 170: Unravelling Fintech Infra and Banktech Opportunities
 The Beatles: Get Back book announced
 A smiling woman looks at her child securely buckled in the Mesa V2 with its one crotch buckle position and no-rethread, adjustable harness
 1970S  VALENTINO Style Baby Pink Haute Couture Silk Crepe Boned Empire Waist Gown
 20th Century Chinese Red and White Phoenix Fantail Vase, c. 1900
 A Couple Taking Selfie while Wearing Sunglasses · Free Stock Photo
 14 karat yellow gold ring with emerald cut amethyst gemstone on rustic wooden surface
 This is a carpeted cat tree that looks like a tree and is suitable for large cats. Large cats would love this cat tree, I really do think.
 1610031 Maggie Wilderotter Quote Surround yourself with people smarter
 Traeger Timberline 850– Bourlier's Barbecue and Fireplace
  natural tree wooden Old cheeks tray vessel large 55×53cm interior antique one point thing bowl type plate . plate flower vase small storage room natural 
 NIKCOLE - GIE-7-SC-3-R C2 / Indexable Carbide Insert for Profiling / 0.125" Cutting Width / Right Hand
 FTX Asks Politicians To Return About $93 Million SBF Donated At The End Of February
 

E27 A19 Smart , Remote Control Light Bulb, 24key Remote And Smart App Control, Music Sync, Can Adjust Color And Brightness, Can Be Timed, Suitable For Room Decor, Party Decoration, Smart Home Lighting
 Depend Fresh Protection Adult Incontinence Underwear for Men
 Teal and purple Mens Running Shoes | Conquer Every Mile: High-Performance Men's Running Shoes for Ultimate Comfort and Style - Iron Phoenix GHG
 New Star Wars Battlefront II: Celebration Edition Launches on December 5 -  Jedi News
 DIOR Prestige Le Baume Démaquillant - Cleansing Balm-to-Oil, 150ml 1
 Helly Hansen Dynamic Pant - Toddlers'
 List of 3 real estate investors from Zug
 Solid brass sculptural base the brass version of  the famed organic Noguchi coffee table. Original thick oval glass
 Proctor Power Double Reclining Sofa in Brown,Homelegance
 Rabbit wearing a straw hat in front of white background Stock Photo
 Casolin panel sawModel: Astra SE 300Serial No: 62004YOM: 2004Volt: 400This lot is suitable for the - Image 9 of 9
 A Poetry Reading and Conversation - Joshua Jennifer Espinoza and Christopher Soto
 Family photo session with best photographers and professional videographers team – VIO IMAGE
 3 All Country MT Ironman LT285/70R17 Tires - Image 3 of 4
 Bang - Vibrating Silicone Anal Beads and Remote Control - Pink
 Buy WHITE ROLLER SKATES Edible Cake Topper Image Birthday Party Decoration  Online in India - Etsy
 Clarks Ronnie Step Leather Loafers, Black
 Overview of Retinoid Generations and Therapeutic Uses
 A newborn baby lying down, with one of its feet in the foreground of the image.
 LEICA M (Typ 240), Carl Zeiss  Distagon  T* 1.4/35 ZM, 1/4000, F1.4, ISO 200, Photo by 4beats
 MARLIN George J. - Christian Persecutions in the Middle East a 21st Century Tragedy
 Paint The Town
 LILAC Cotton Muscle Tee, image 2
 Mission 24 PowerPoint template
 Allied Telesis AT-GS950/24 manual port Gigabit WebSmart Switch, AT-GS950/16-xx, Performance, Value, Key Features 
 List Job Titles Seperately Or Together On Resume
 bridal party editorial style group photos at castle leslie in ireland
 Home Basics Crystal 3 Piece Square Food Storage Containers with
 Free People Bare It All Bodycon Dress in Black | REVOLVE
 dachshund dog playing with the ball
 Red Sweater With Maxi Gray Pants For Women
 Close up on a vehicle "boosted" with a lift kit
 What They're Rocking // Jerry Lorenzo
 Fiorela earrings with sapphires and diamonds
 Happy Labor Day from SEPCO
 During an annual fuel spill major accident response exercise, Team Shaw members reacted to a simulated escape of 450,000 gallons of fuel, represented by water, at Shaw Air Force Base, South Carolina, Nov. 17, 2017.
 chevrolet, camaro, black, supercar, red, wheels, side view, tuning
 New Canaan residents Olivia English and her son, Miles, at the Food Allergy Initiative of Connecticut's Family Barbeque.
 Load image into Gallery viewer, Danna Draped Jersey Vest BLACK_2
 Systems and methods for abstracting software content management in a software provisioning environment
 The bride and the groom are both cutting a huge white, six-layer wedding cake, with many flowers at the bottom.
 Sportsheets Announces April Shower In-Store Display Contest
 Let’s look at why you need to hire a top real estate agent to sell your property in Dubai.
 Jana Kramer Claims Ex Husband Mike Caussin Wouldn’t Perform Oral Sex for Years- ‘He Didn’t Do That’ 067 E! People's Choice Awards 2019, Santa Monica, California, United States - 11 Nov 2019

> _BRIEF_
Print, from the entries above, the line with "Depend Fresh Protection", the line with "bridal party editorial" and all lines between them, exactly and with nothing else.

> _TASK RESPONSE_
 Depend Fresh Protection Adult Incontinence Underwear for Men
 Teal and purple Mens Running Shoes | Conquer Every Mile: High-Performance Men's Running Shoes for Ultimate Comfort and Style - Iron Phoenix GHG
 New Star Wars Battlefront II: Celebration Edition Launches on December 5 -  Jedi News
 DIOR Prestige Le Baume Démaquillant - Cleansing Balm-to-Oil, 150ml 1
 Helly Hansen Dynamic Pant - Toddlers'
 List of 3 real estate investors from Zug
 Solid brass sculptural base the brass version of  the famed organic Noguchi coffee table. Original thick oval glass
 Proctor Power Double Reclining Sofa in Brown,Homelegance
 Rabbit wearing a straw hat in front of white background Stock Photo
 Casolin panel sawModel: Astra SE 300Serial No: 62004YOM: 2004Volt: 400This lot is suitable for the - Image 9 of 9
 A Poetry Reading and Conversation - Joshua Jennifer Espinoza and Christopher Soto
 Family photo session with best photographers and professional videographers team – VIO IMAGE
 3 All Country MT Ironman LT285/70R17 Tires - Image 3 of 4
 Bang - Vibrating Silicone Anal Beads and Remote Control - Pink
 Buy WHITE ROLLER SKATES Edible Cake Topper Image Birthday Party Decoration  Online in India - Etsy
 Clarks Ronnie Step Leather Loafers, Black
 Overview of Retinoid Generations and Therapeutic Uses
 A newborn baby lying down, with one of its feet in the foreground of the image.
 LEICA M (Typ 240), Carl Zeiss  Distagon  T* 1.4/35 ZM, 1/4000, F1.4, ISO 200, Photo by 4beats
 MARLIN George J. - Christian Persecutions in the Middle East a 21st Century Tragedy
 Paint The Town
 LILAC Cotton Muscle Tee, image 2
 Mission 24 PowerPoint template
 Allied Telesis AT-GS950/24 manual port Gigabit WebSmart Switch, AT-GS950/16-xx, Performance, Value, Key Features 
 List Job Titles Seperately Or Together On Resume
 bridal party editorial style group photos at castle leslie in ireland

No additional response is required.